An argument against the directory check is that it adds an additional
system call (I assume) for every file opened, when most applications
should be able to handle the EISDIR like any other error.

Peter
Paul Bone
2016-09-02 10:32:52 UTC
Permalink
Post by Peter Wang
Post by Paul Bone
I noticed recently that, at least on my Linux system, opening with fopen() a
directory will succeed. Errors will be returned when you attempt to read
from the returned file object.
Should the library code check that it has not just opened a directory within
the open code? Rather than waiting for the caller to attempt to read from
the file?
Hi Paul,
For what it's worth, FreeBSD still allows read() on directories.
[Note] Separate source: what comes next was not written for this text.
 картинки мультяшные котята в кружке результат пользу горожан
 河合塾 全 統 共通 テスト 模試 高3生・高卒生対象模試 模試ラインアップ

I'm having trouble seeing the utility, though. In general, I would
veer towards not imposing additional restrictions on top of the OS,
but Mercury streams are their own abstraction.
That FreeBSD could lead to even more confusing behaviour makes me want to
change this even more.
Post by Peter Wang
An argument against the directory check is that it adds an additional
system call (I assume) for every file opened, when most applications
should be able to handle the EISDIR like any other error.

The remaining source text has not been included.